On 7 June 2020, fellow author Amit Patel's position with the University of Utah was terminated over the journal retractions. Patel is Desai's brother-in-law.

Richard Horton, editor-in-chief of The Lancet, called the paper "a fabrication" and "a monumental fraud". Eric Rubin, editor-in-chief of NEJM, said "We shouldn’t have published this".

==General legitimacy==
A July 2020 article in New York Times described an employee extracting data manually to create a spreadsheet for Surgisphere's QuartzClinical. She was "surprised" by claims of a massive data store, stating she knew of only a single hospital that had signed a contract with the company; the May 1 paper in NEJM claimed to use data from 169 hospitals across the globe, and the May 22 paper in The Lancet.

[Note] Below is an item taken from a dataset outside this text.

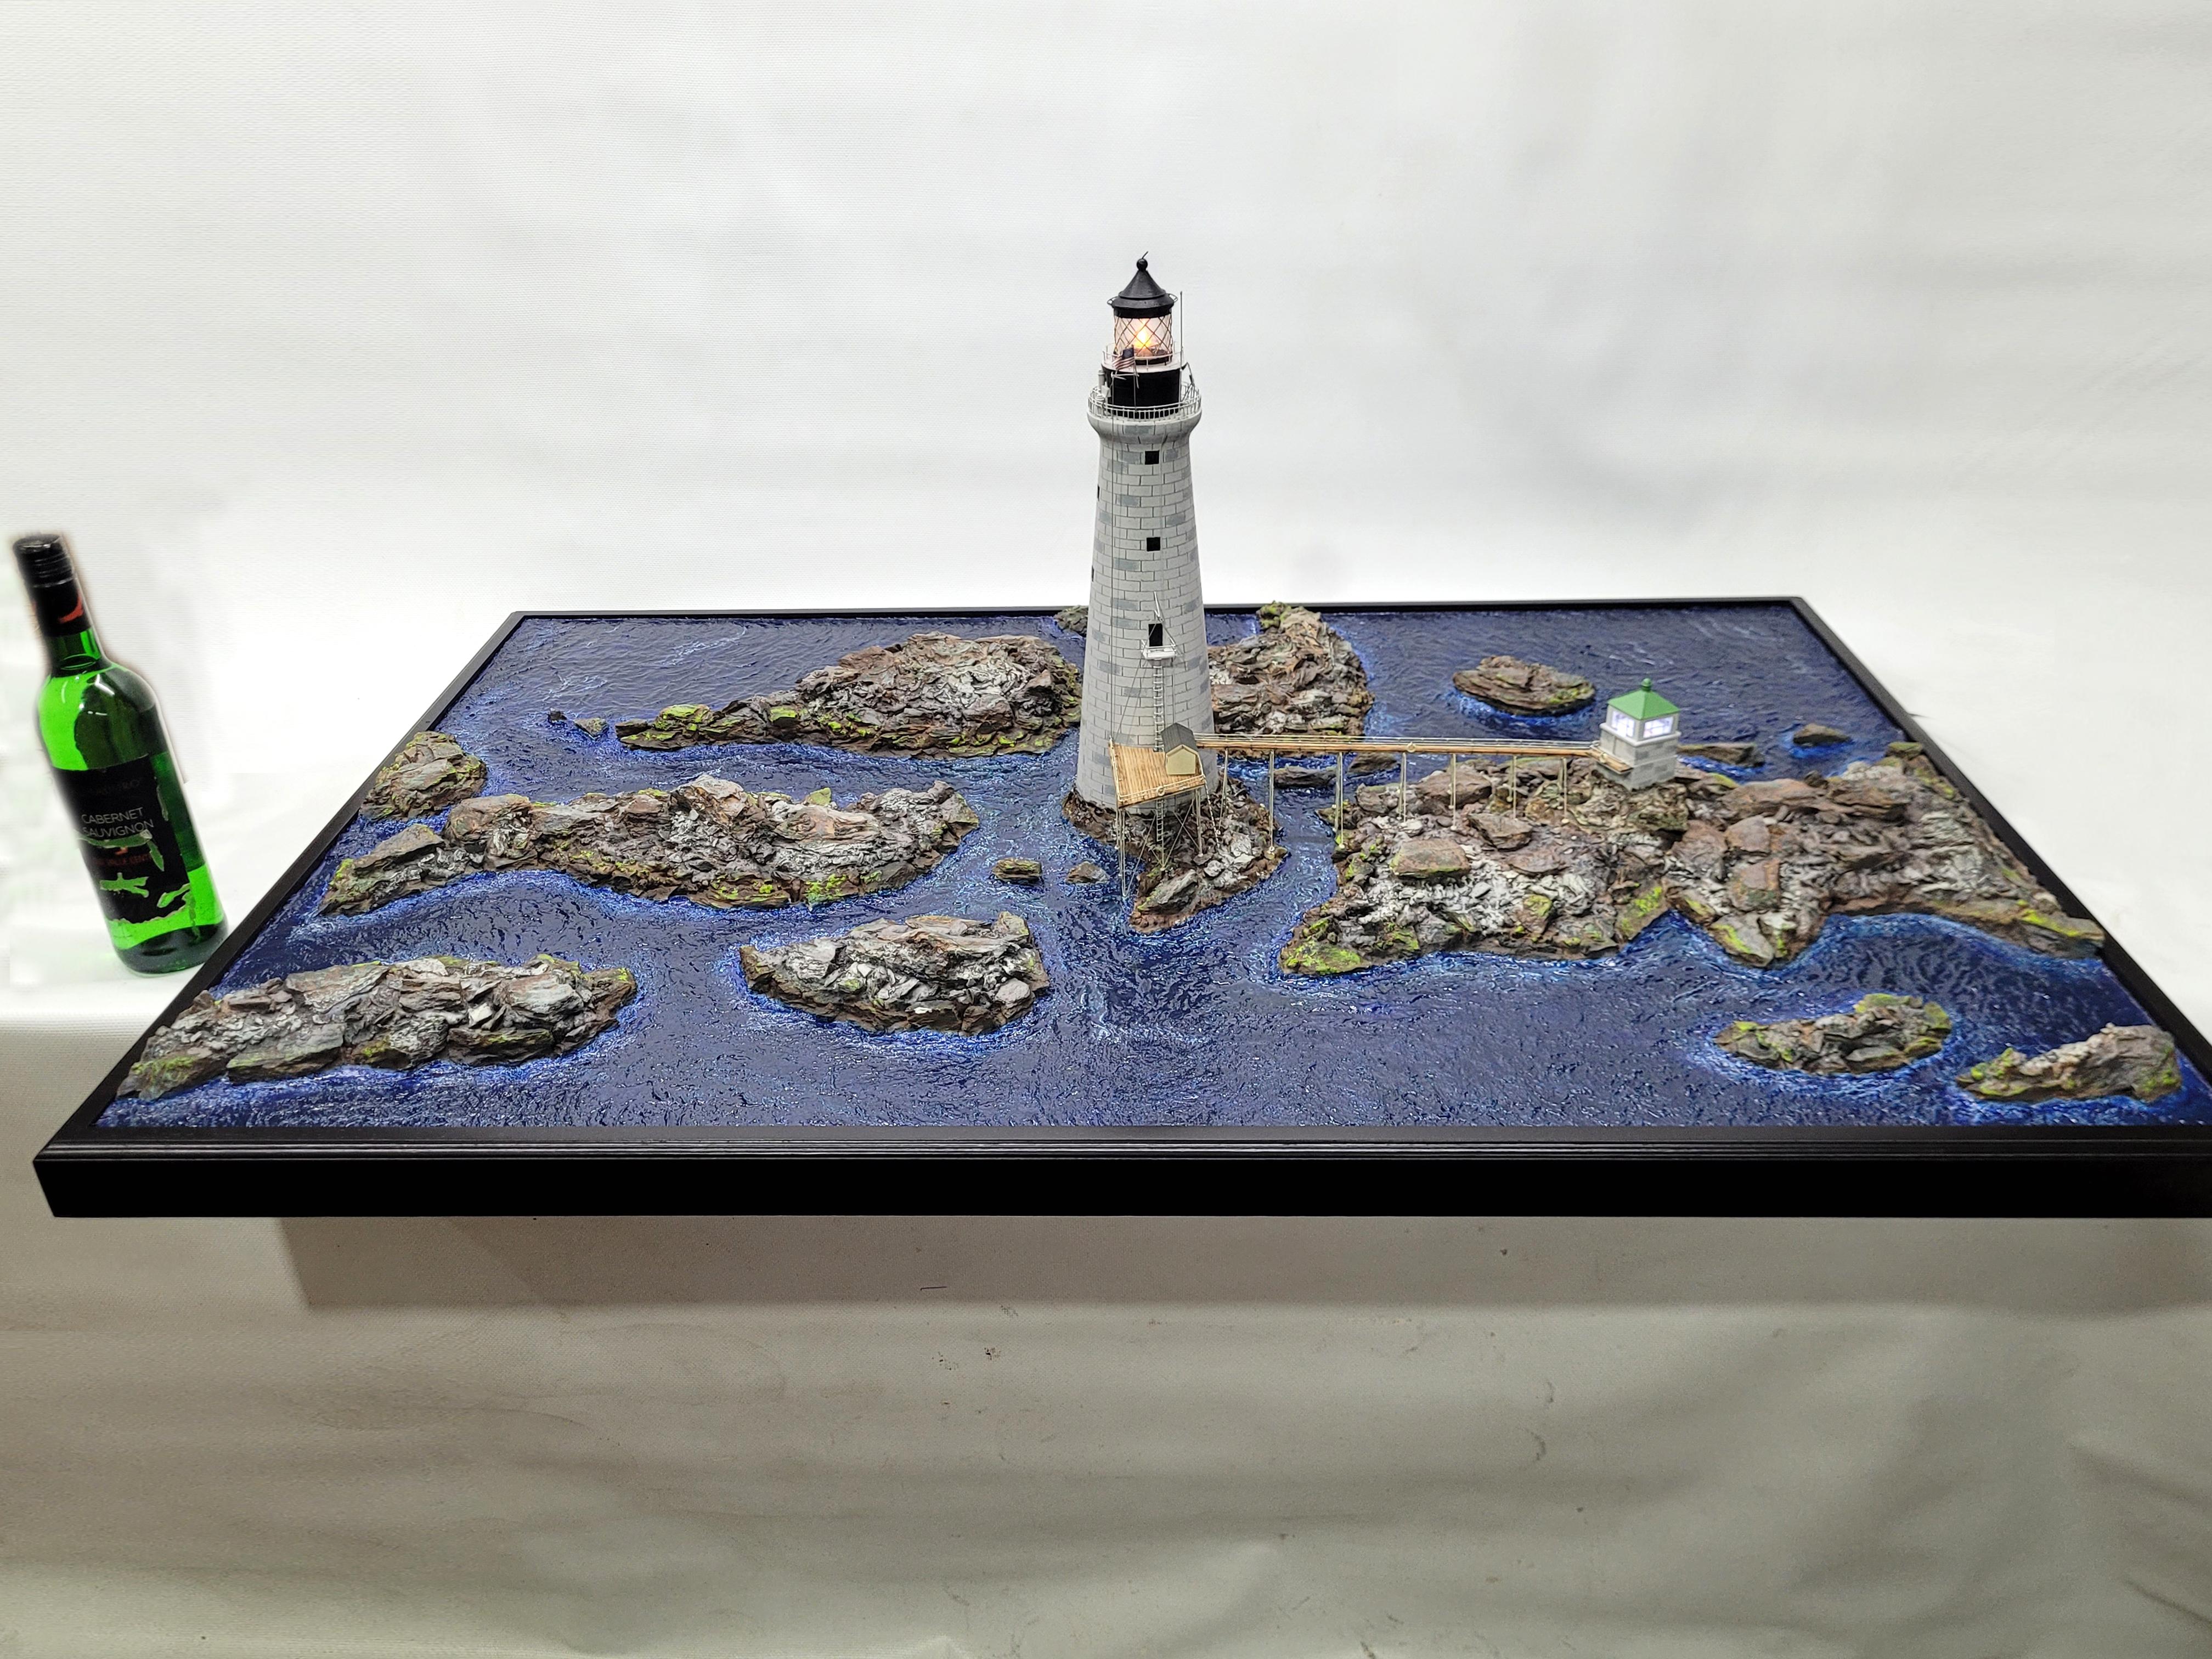 Remarkable diorama showing graves light in Boston Harbor. This is expertly crafted with proper scale. The granite stone tower is expertly crafted with a turned wood cylinder incised with the same amount of blocks, then distressed. The lantern room

A parallel investigation by the British newspaper The Guardian revealed that several of Surgisphere's employees had little or no scientific background; one employee appeared to be a science fiction author while another, listed as a marketing executive, was an adult model. The Guardian also found that Surgisphere's LinkedIn page has fewer than 100 followers and in late May 2020 listed only six employees. It also found that the company had almost no online presence and that its Twitter account had made no posts from October 2017 to March 2020.

Elisabeth Bik et al. analyzed one of Desai's early first author papers and found apparent evidence of image manipulation.